Methods: This 2-year Phase 3 trial is a randomized, active controlled, parallel group, study including a 24-week double-blind (DB) period, followed by a 72-week open-label phase. TCZ SC dose was based on previous pharmacological studies. During the DB period, patients (pts) received TCZ SC 162 mg qw + placebo IV q4w or TCZ IV 8mg/kg q4w + placebo SC qw, in combination with traditional DMARDs. The primary end point to demonstrate the non-inferiority of TCZ SC to TCZ IV was the proportion of patients in each group meeting the ACR20 improvement criteria at Week 24. Additional clinical efficacy, immunogenicity and safety assessments were evaluated as secondary outcomes. Pts were stratified by body weight and regions at baseline. The hypothesis of non-inferiority of TCZ SC with respect to TCZ IV regarding ACR20 response was tested by means of 95% confidence interval (CI) and with a 12% non-inferiority margin (NIM).

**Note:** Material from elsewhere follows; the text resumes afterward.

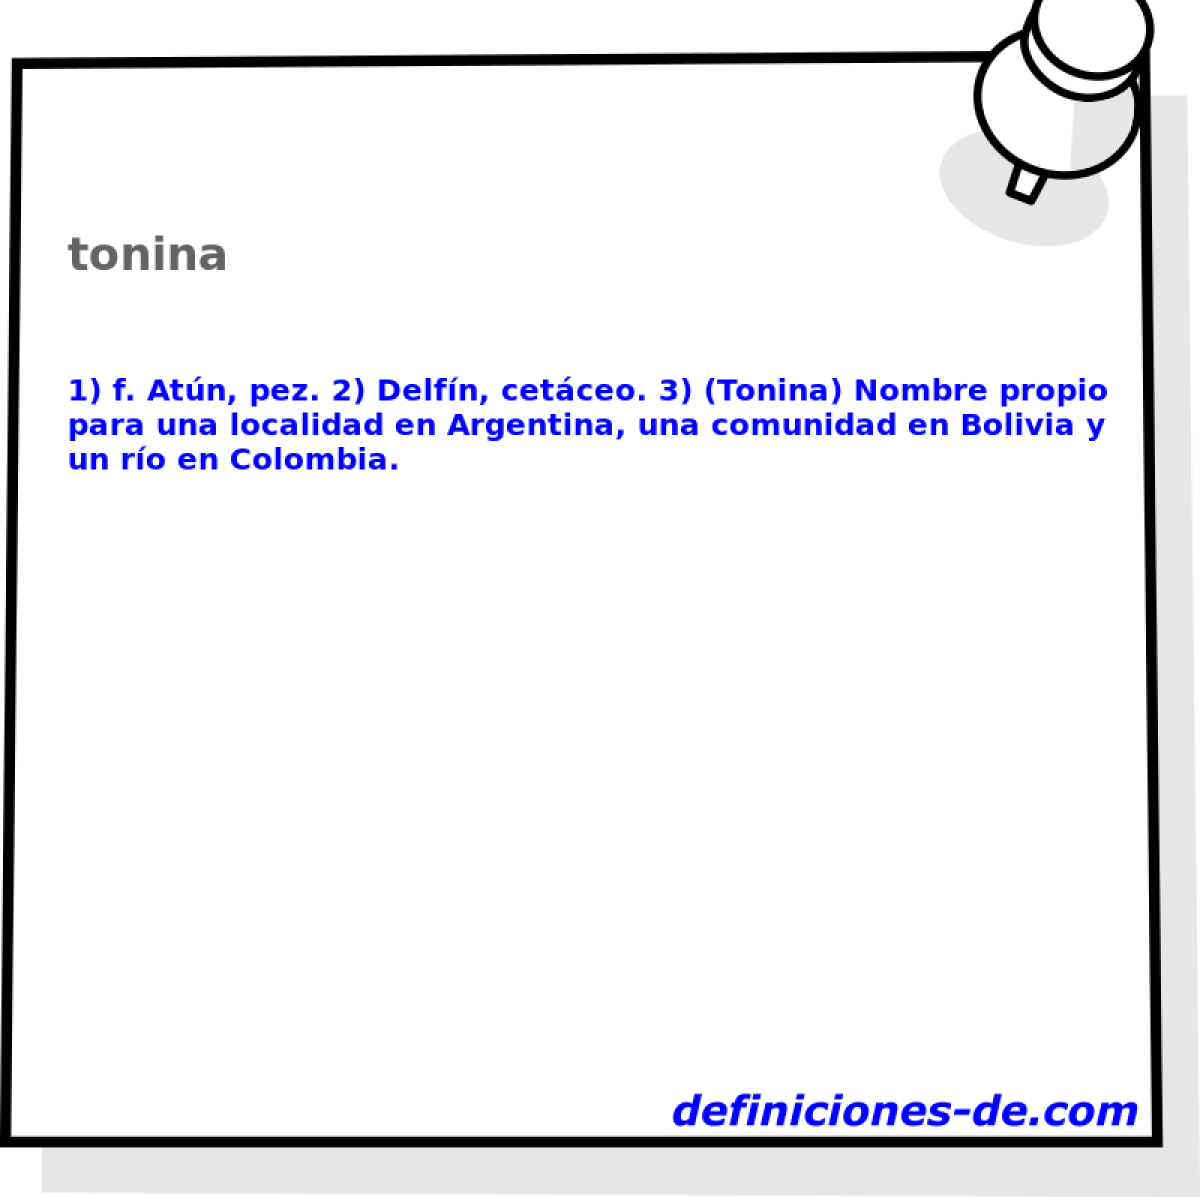 tonina

Results: A total of 1262 pts were enrolled globally. Mean baseline characteristics were similar between TCZ SC and TCZ IV groups: age 53 years; RA duration 9 years; DAS28-ESR 6.6 and 6.7, respectively. At Week 24, 69.4% (95% CI: 65.5, 73.2) of TCZ SC-treated pts versus 73.4% (95% CI: 69.6, 77.1) of TCZ IV-treated pts achieved an ACR20 response (weighted difference between groups 4.0% [95% CI: -9.2, 1.2]); a 12% NIM was met. ACR50/70 responses, disease activity and physical function improvements were also comparable between TCZ SC and TCZ IV groups. Up to Week 24, the proportions of pts with at least one adverse event (AE) and serious AE were 76.2% and 4.6%, respectively in the TCZ SC group compared with 77.0% and 5.2%, respectively in the TCZ IV group. The most common AEs in both groups were infections. Injection site reactions occurred more frequently in the TCZ SC (placebo IV) group than the TCZ IV (placebo SC) group (10.1% vs 2.3%, respectively); most were grade 1 severity. No anaphylaxis was reported over the 24-week period.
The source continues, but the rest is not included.